私たちは国連事務総長を無力であると言いすぎでないか? 目標をバリバリと達成するのがカッコイイ指導者であると思っていないか? そうした劇画的な指導者は独裁者と紙一重ではないか? そもそも、執行責任者とは、与えられた権限のなかで物事がうまく進むよう工夫する者でないか? アメリカ合衆国大統領も、日本の内閣総理大臣も、中国共産党の総書記も、同じでないか?

国連の場合、憲章が事務総長に与える権限は非常に小さい。実際に彼がしていることの多くは、総会、安全保障理事会、あるいは経済社会理事会の決議によって加えられたものである。今回のテーマは、国連事務総長および国連事務局の「性質」について歴代事務総長の業績に言及しながら論じなさい、である。

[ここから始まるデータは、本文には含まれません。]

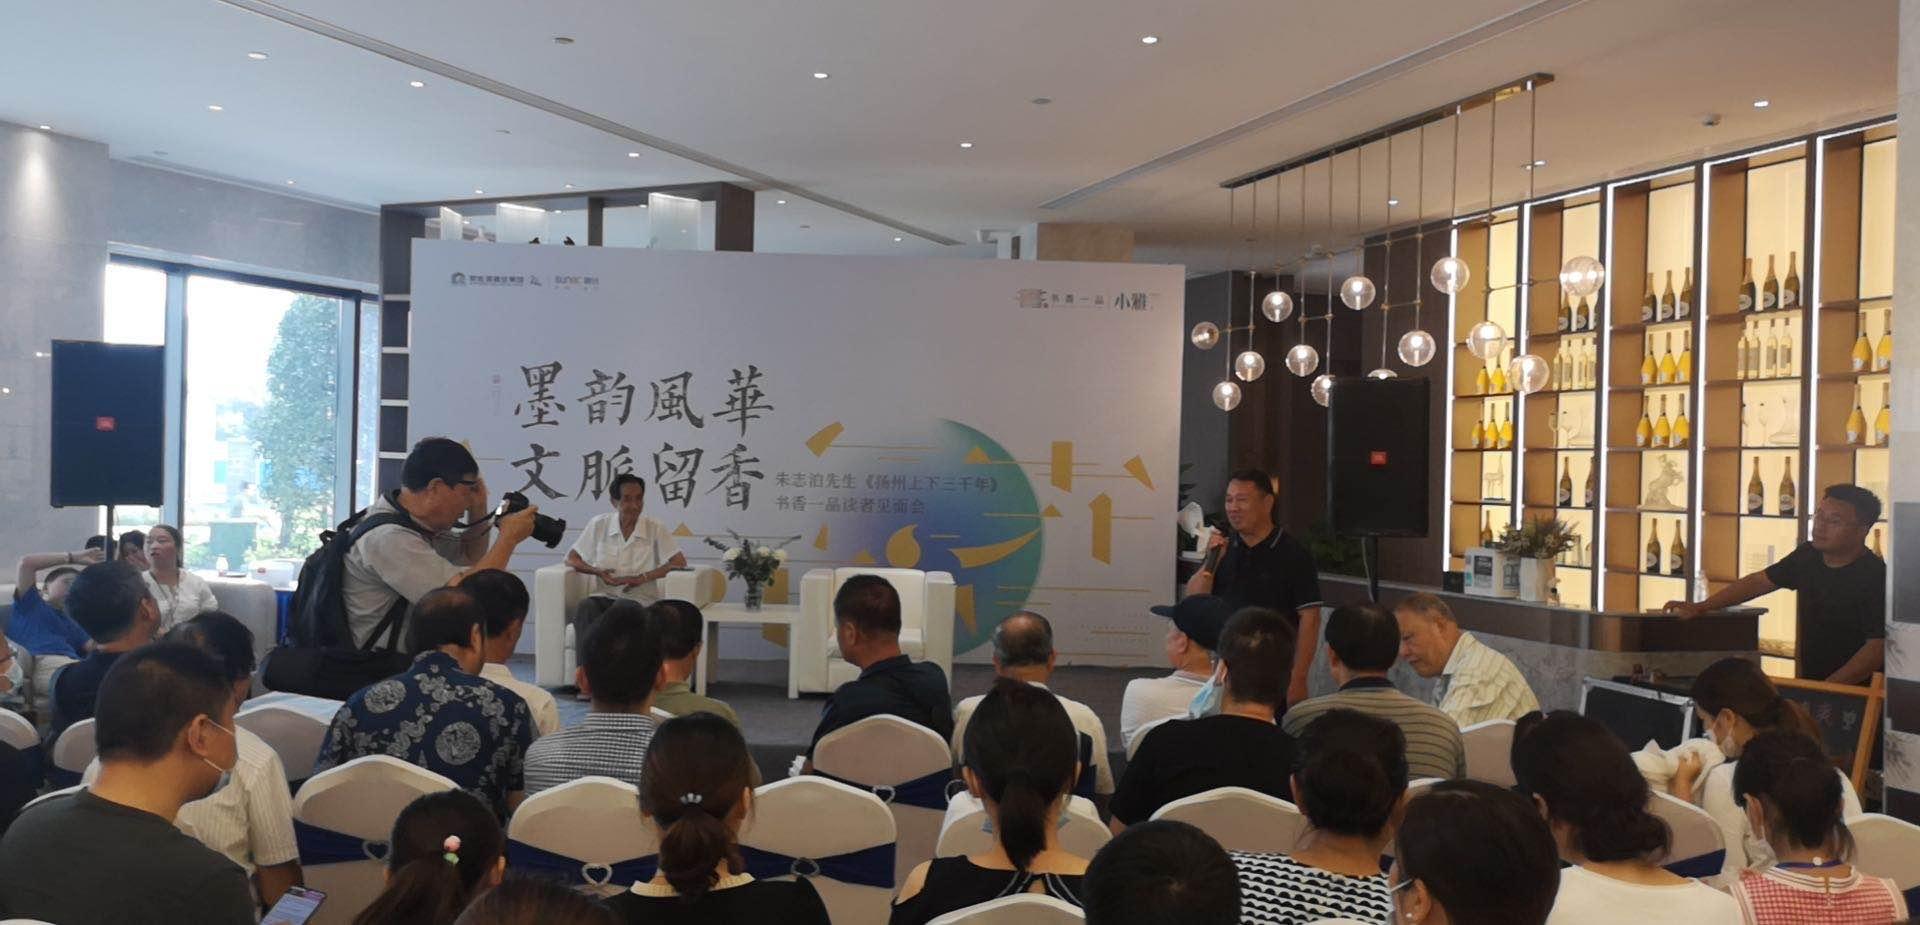 扬州举办朱志泊《扬州上下三千年》——读者见面会暨阅读推广活动

国連の前身、とはいえ法的には赤の他人である国際連盟の事務総長はいかなるものであったろうか? 1919年の発足当初から1932年まで務めたエリック・ドラモンドは、イギリス外務省出身の有能な「公務員」であった。彼は黒子に徹して公然とは発言しない方針であったとされる。国連事務総長が総会はじめ、理事会、委員会などで発言するのはもちろん、テレビカメラにも語り掛けるのとは大違いである。2代目のジョゼフ・アベルノルはフランス人で1940年まで、3代目のショーン・レスターはアイルランド人で連盟の解散まで務めた[1]

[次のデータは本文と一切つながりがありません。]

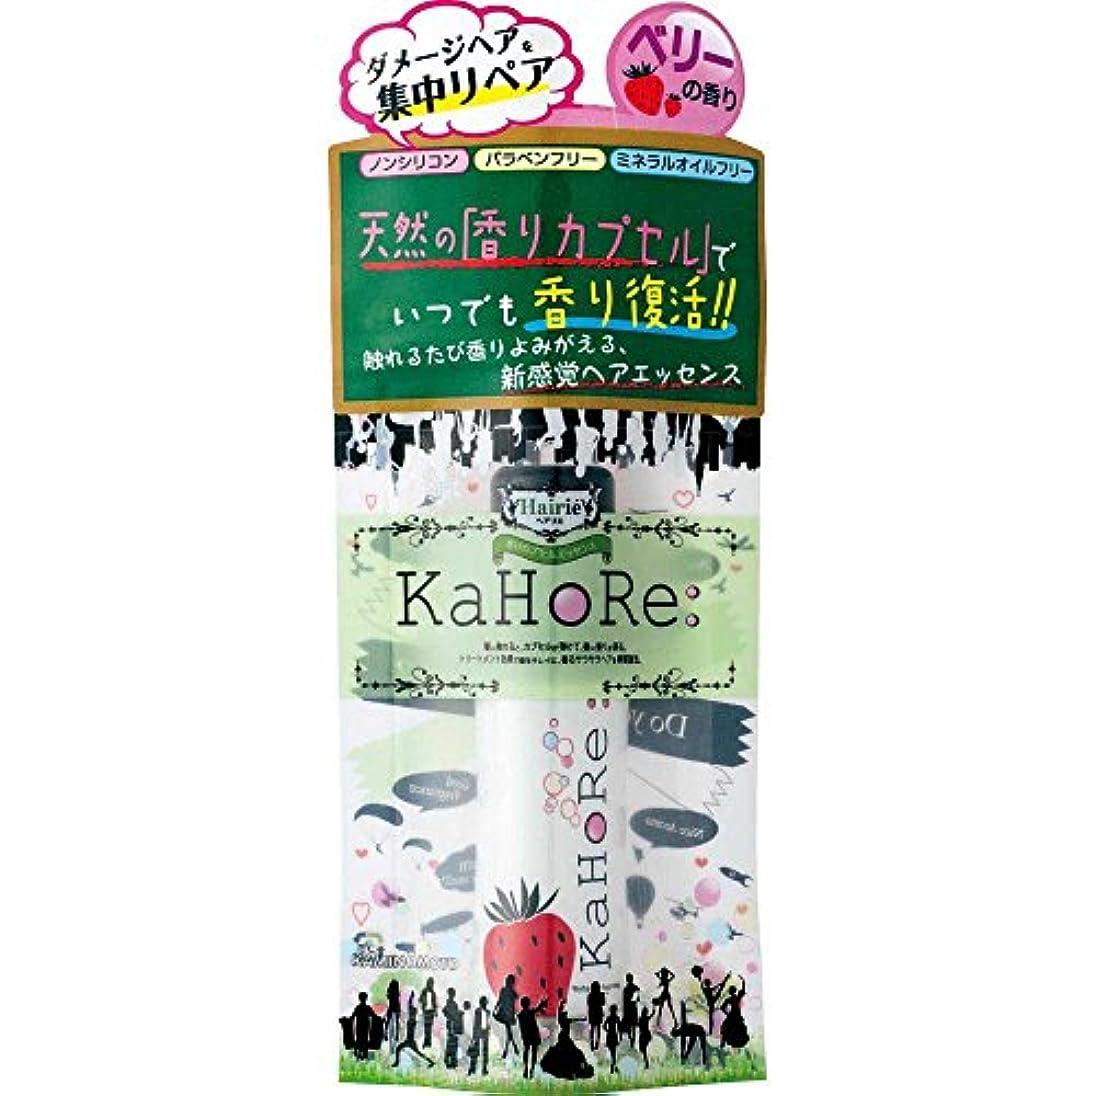 出口用心深い厳ヘアリエ KaHoRe ヘアエッセンス ミックスベリーの香り 30g

国連本部はニューヨークに作られることになった。いくら孤立主義がアメリカ合衆国で頭をもたげようとも、自国の中心に本部がある組織からよもや脱退することはないであろう。マンハッタンを観光した人ならば分かるように、国連本部ビルは超一等地にある。資金を寄付したジョン・D・ロックフェラー二世の息子デイビッドの回顧録を引用する。

この地域はうらぶれた安売春宿や老朽化した商業ビルであふれかえっていたが、ビル[ウィリアム・ゼッケンドーフ-引用者]は国連をはじめとする関連事業によって、その地域が恒久的な変容を遂げると考えていた。わたしたちは、地価が急上昇する前にその区画を購入して、持ちビルを建てるよう助言された[2]

国連本部はいくつかの建物から成る。あのマッチ箱のような39階建てのビルに事務局は入っている。ロックフェラーセンターも手掛けたハリソン・アンド・アブラモビッツ社が設計した。建築家のチームにはル・コルビュジエやオスカー・ニーマイヤーが参加した。国連職員はこの高いビルだけにいるのでなく、マンハッタン島に数千人は散らばっている。別の敷地の小さな建物で、筆者は国連の公文書を調べたことがある。

世界各地にいる約4万人の職員のトップに立つのが事務総長である。国連憲章には、事務局は「一人の事務総長」と「職員」から構成されると書いてある(第97条)。事務総長の権限は、国際の平和および安全に対する脅威について安保理に注意喚起できること(第99条)、そして職員を任命すること(第101条1)である。これだけであれば、あまりにそっけない。実際には、主要機関における多くの決議に、事務総長に報告を要請する、などと書き添えられていて、それらに基づき、さまざまな主題の調査と対応を行っている。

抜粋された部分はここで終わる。